**Exercise objective**
Exact copies of all the lines below are needed, without the pictures.

**Information provided**
****************************************

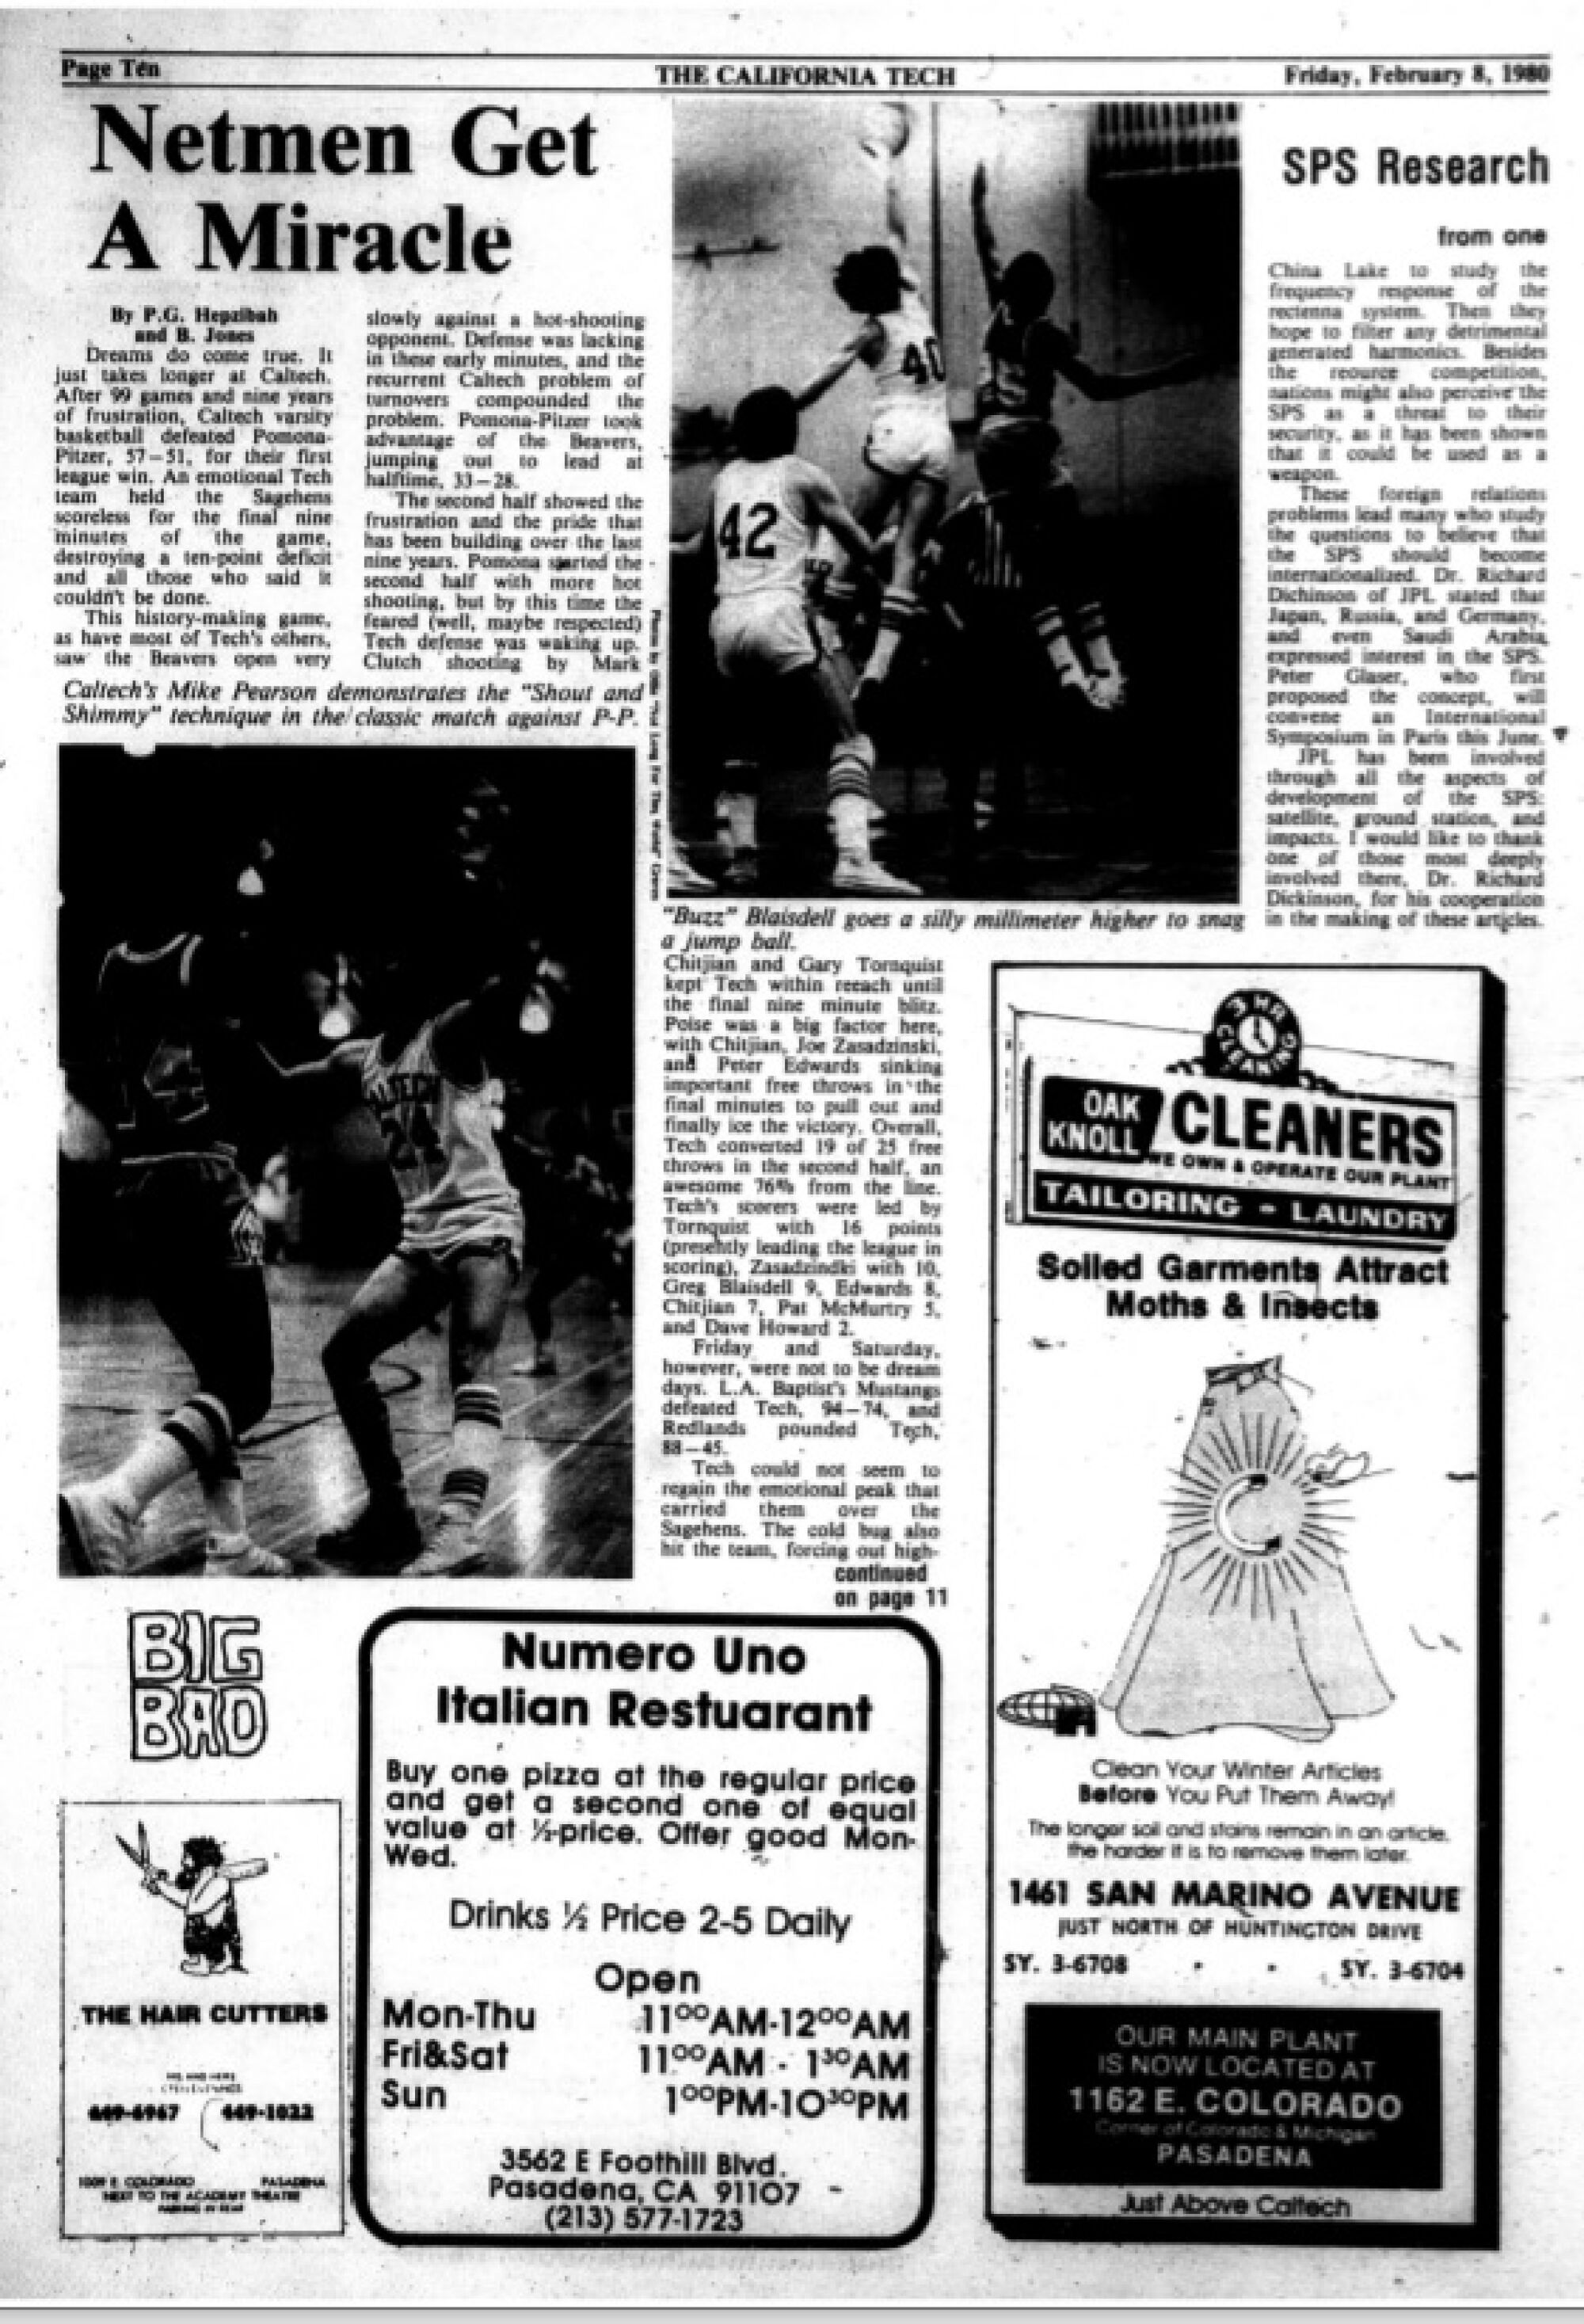 The California Tech newspaper, Feb. 8, 1980.
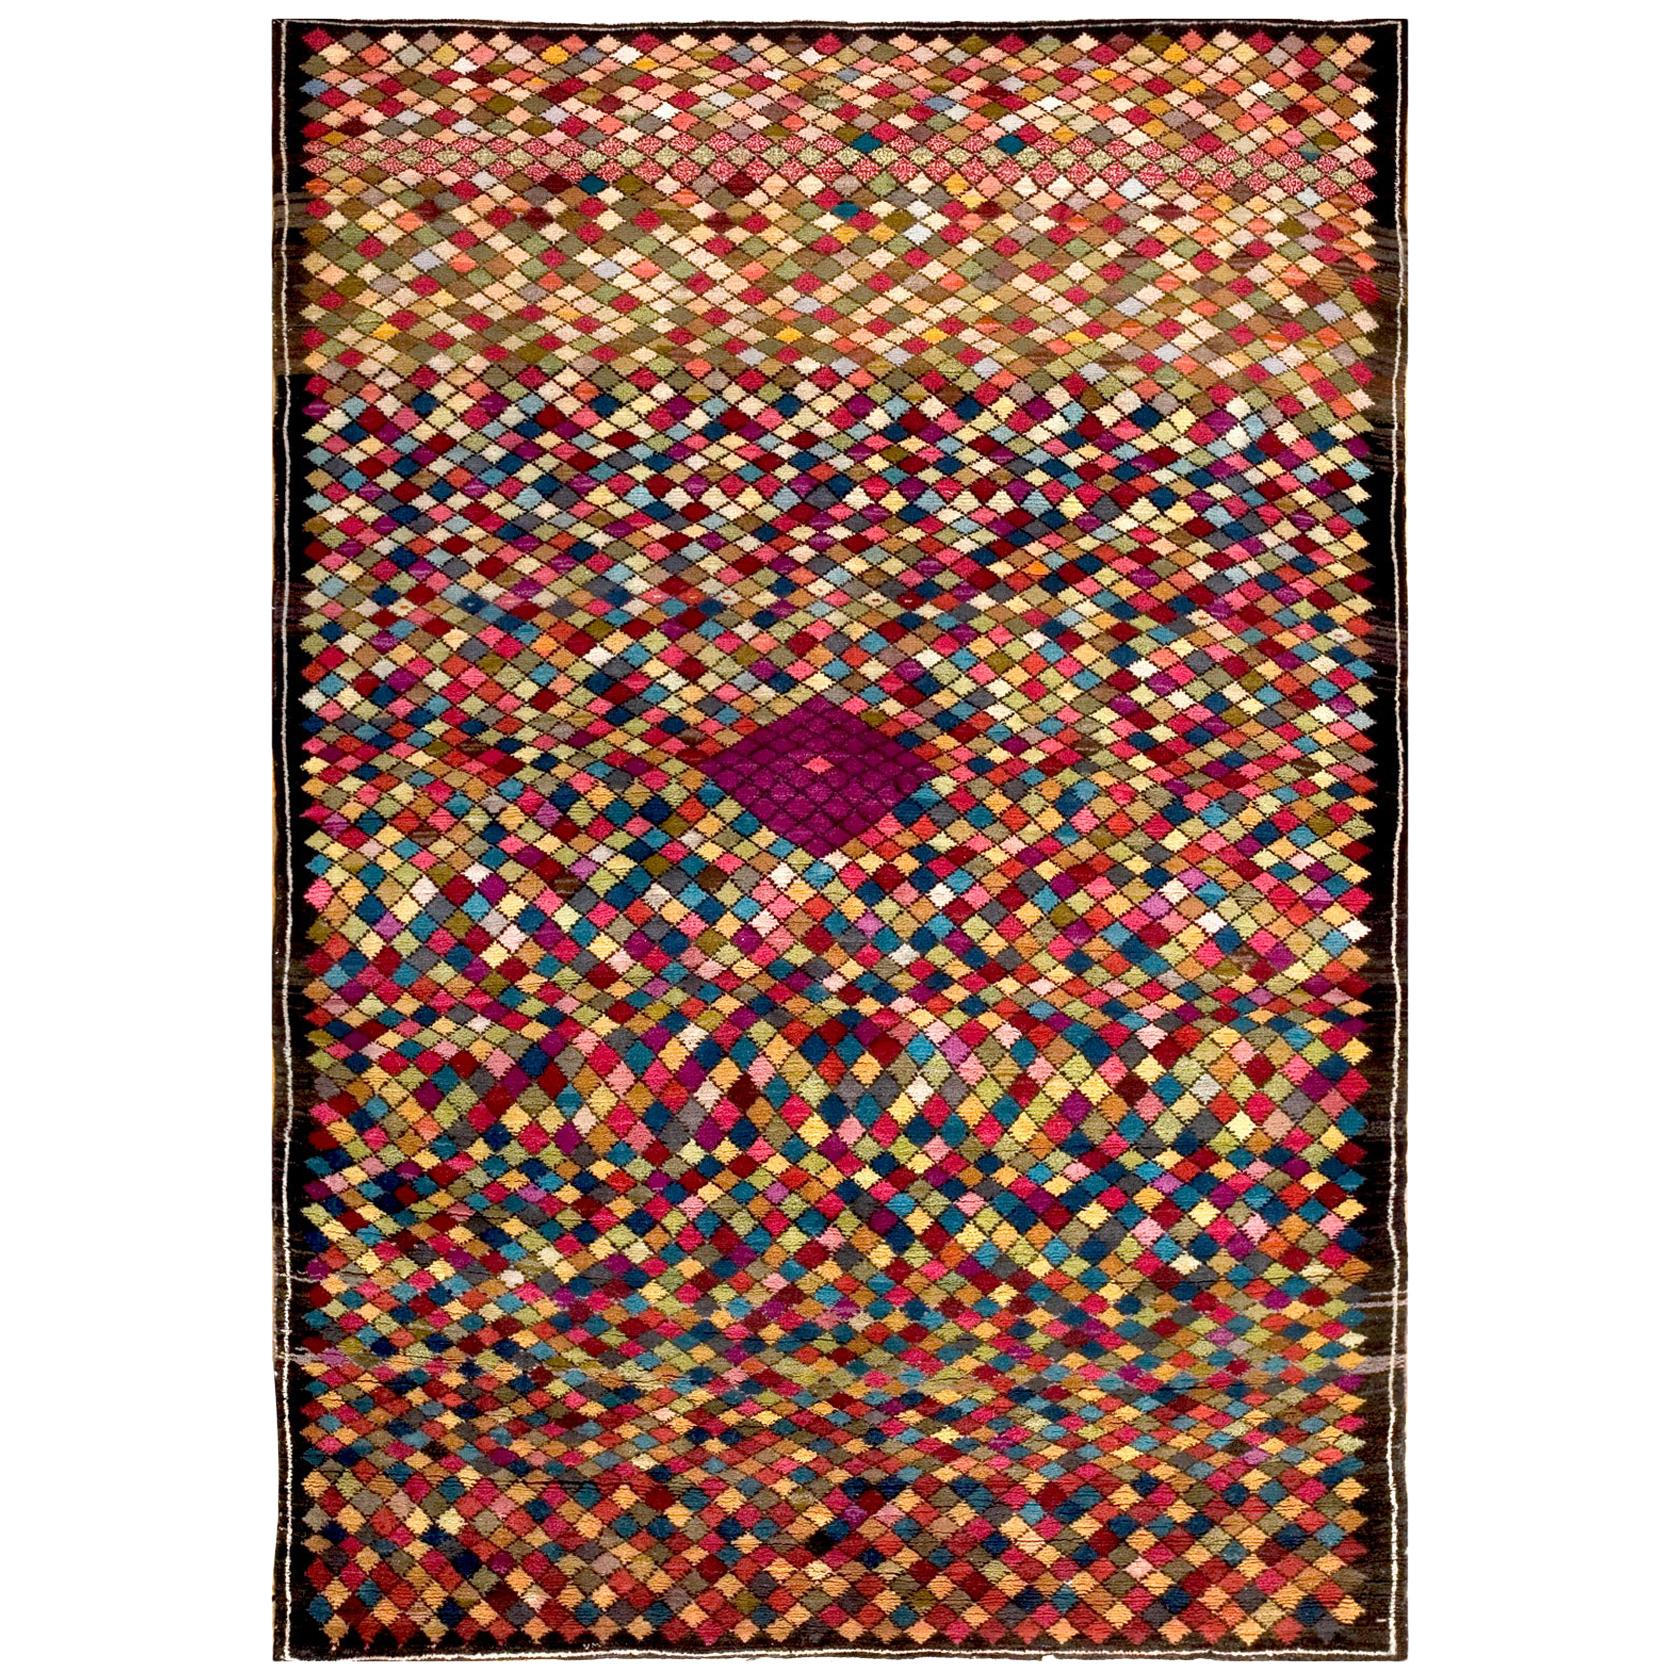 Early 20th Century Jerusalem Carpet ( 4'11" x 7' - 150 x 213 )
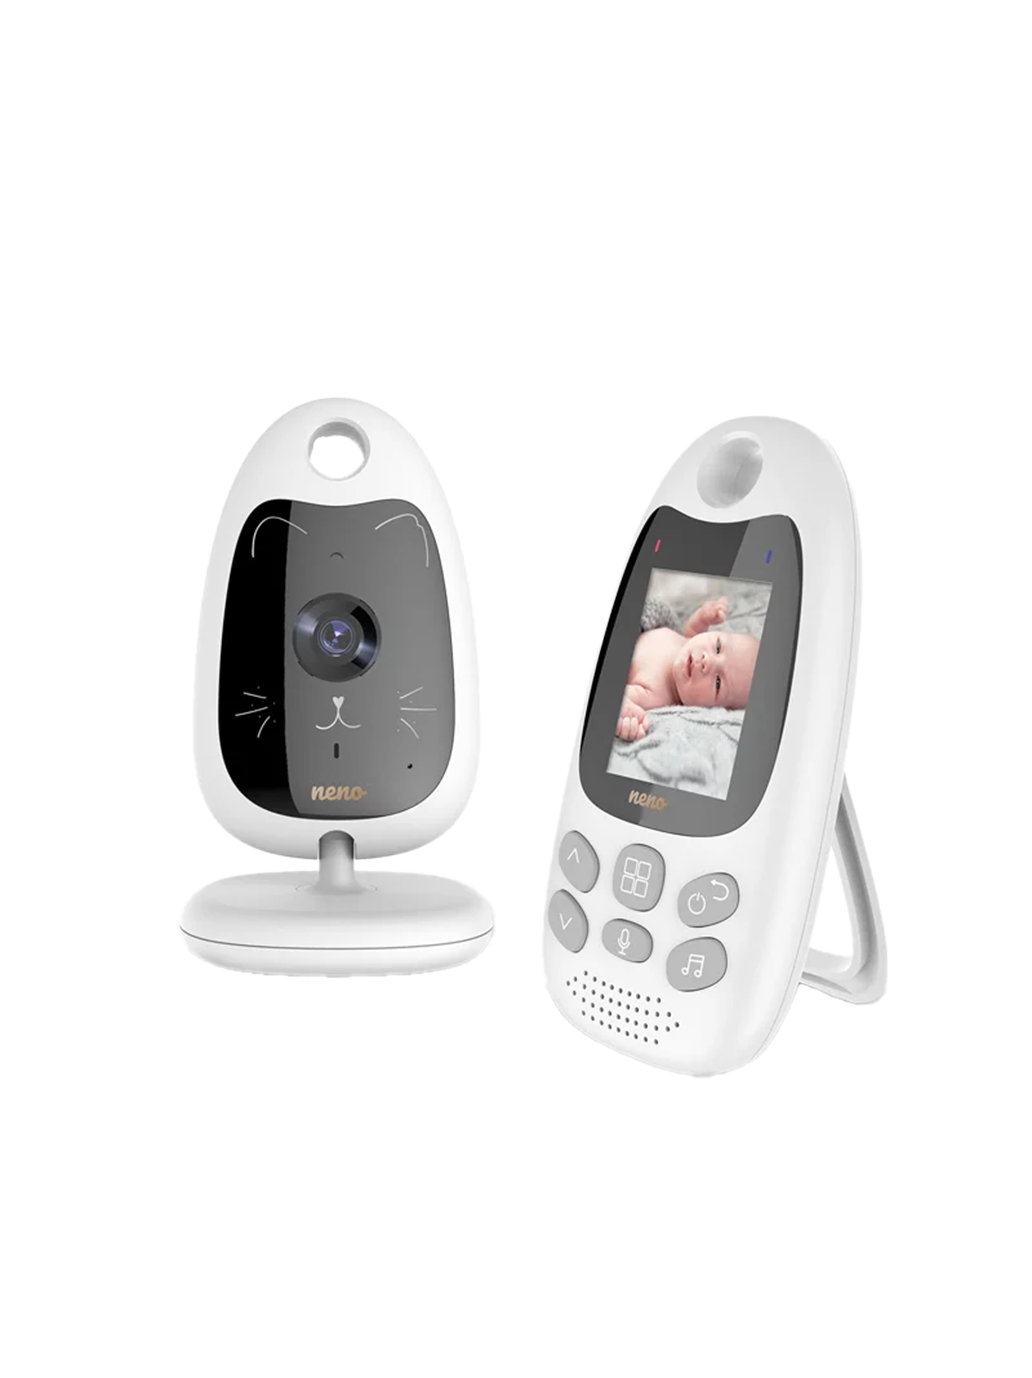 Neno Gato baby monitor with a wireless receiver

****************************************

**Your solution**
 The California Tech newspaper, Feb. 8, 1980.
 Early 20th Century Jerusalem Carpet ( 4'11" x 7' - 150 x 213 )
 Neno Gato baby monitor with a wireless receiver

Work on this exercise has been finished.